Note that the byline search term the user entered is found in the field_byline_target_id_value parameter.

Therefore we need to filter for URLs starting with the path “/latest-news/” followed by a question mark, using the following regular expression:

Filter: Include -> Page -> Matching RegExp -> ^/latest-news\?
(The ‘latest news’ page, with a search.)

However, since we are only interested in searches that included a term in the byline field, we only want to see those searches that include a byline field search term. We can use the following regular expression to further filter for URLs in which the byline field value parameter is not immediately followed by an ampersand (which delineates the next parameter) – in other words, a byline search term has been provided:

Filter: Include -> Page -> Matching RegExp -> field_byline_target_id_value=[^&] (A URL that contains the ‘field_byline_target_id_value’ parameter, and which is NOT immediately followed by an ampersand.)

In summary, this provides a list of all the URLs that represent searches by off-campus users in which the user performed a search on the news items and specified a term in the byline field.

I then combined the two months of data and extracted the byline search terms from the URLs.

Results

Here are the search terms used in the byline field by off-campus users during the months of August and September 2017:

Search Term Relevant to Byline Notes
agbiboa No Mason professor.
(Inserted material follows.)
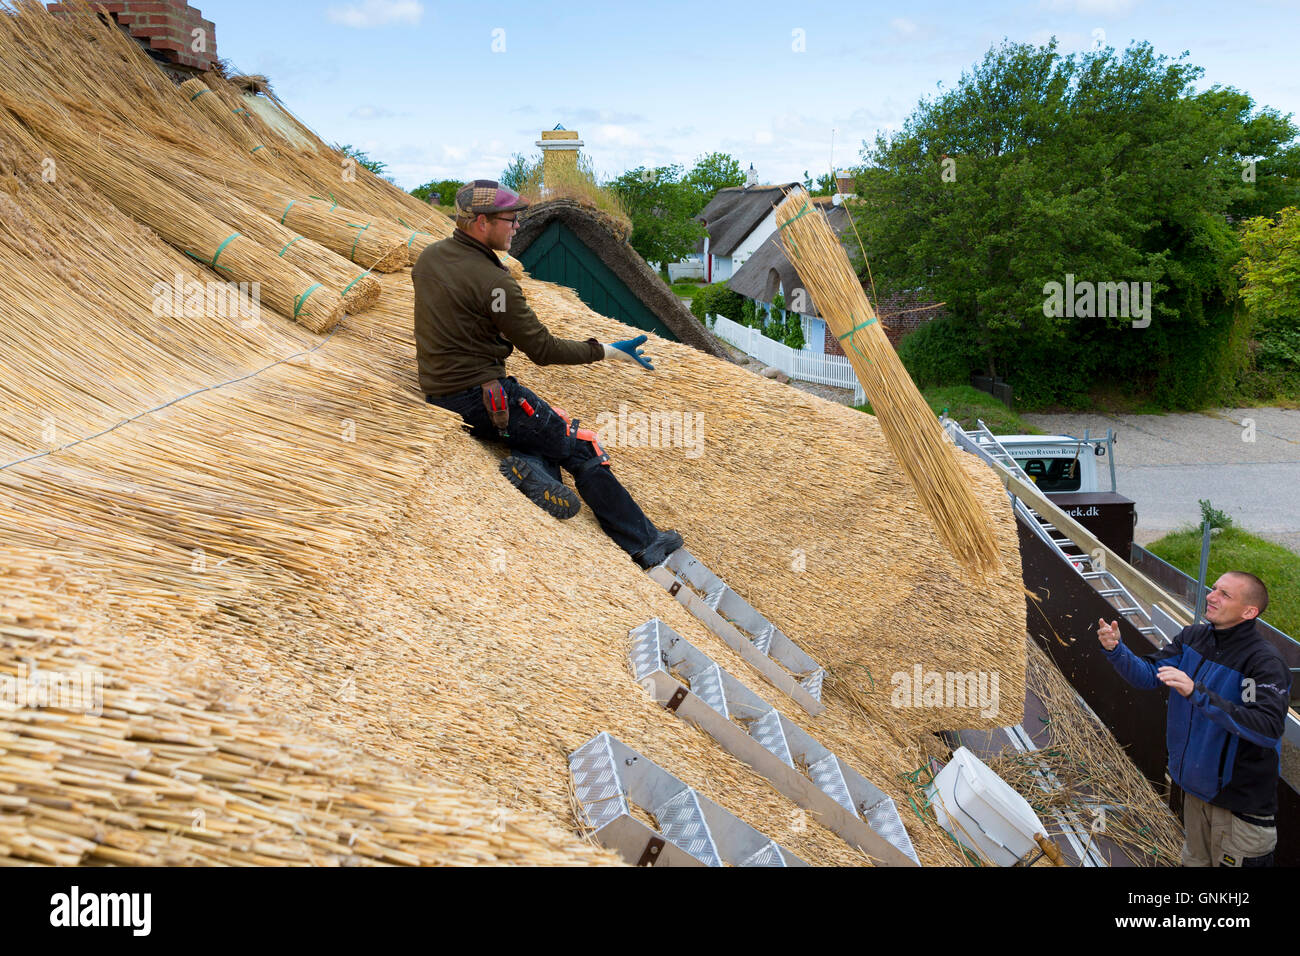 Nouveau toit de chaume Thatchers méthode traditionnelle avec meules de roseaux/se précipite sur chaumière, l'île de Fano, Danemark Banque D'Images
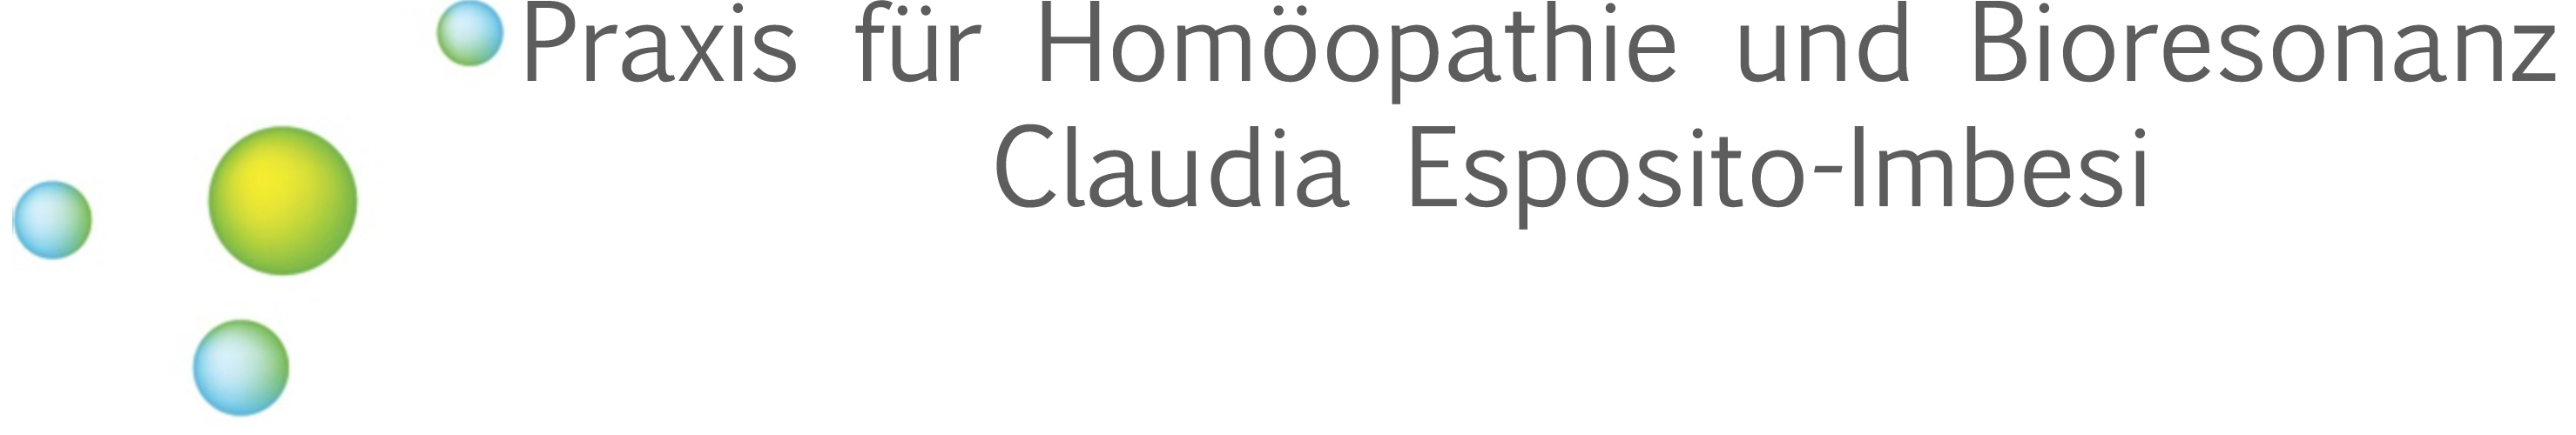 Praxis für klassische Homöopathie und Bioresonanz<br />Claudia Esposito-Imbesi<br />

Not a news writer.
angel cabrera No  
ángel cabrera No  
award No  
binge watchers No  
cabrera No  
car brain activity No  
car brain activity simulator No  
card No  
cirque No  
daca No  
devos title ix No  
dhs No  
drive brain activity simulator No  
emotional support dogs No  
george mason inn No  
healthcare
benefits
No  
hiv No  
inova No  
journal of gerontology No  
kearney Maybe Perhaps refers to Colleen Kearney Rich, who does write news items, but could also refer to this: http://business.gmu.edu/kearney/
loudoun No  
medieval
disease
No  
mercatus No  
michael buschmann No A Mason professor, but not an author of our news items.
mobility No  
move
in
No  
over50 No  
over50 tv No  
peterson No A person’s name, but not not an author of our news items.
scout No  
sid dewberry No  
sid dewberry music No  
sklarew No Mason professor. Not a news writer.
statement from president cabrera No  
states No  
stearns center for teaching and learning No  
total eclipse No  
total solar eclipse No  
tv No  
water No  
welcome2mason No  
wiley No Perhaps refers to Wiley project, although we also have a couple professors by this name.
wilkin No Perhaps refers to Roger Wilkins, form who the north plaza was renamed.
zimmerman employee of the month No  

Looking at the search terms above, it is clear that most people are attempting to use the byline field as a keyword search. Very few, if any, off-campus users are using the byline field for its intended purpose.

Recommendations

  • If possible, we should offer a keyword search for news items. People appear to expect this functionality.
  • Even though the field is labelled “Byline”, it seems that people aren’t getting the message. Perhaps labeling the field “Author” would make it more clear to users.
  • Moving the byline search field further down the form from its position as the first search field may make users less likely to mistake it for a keyword search field.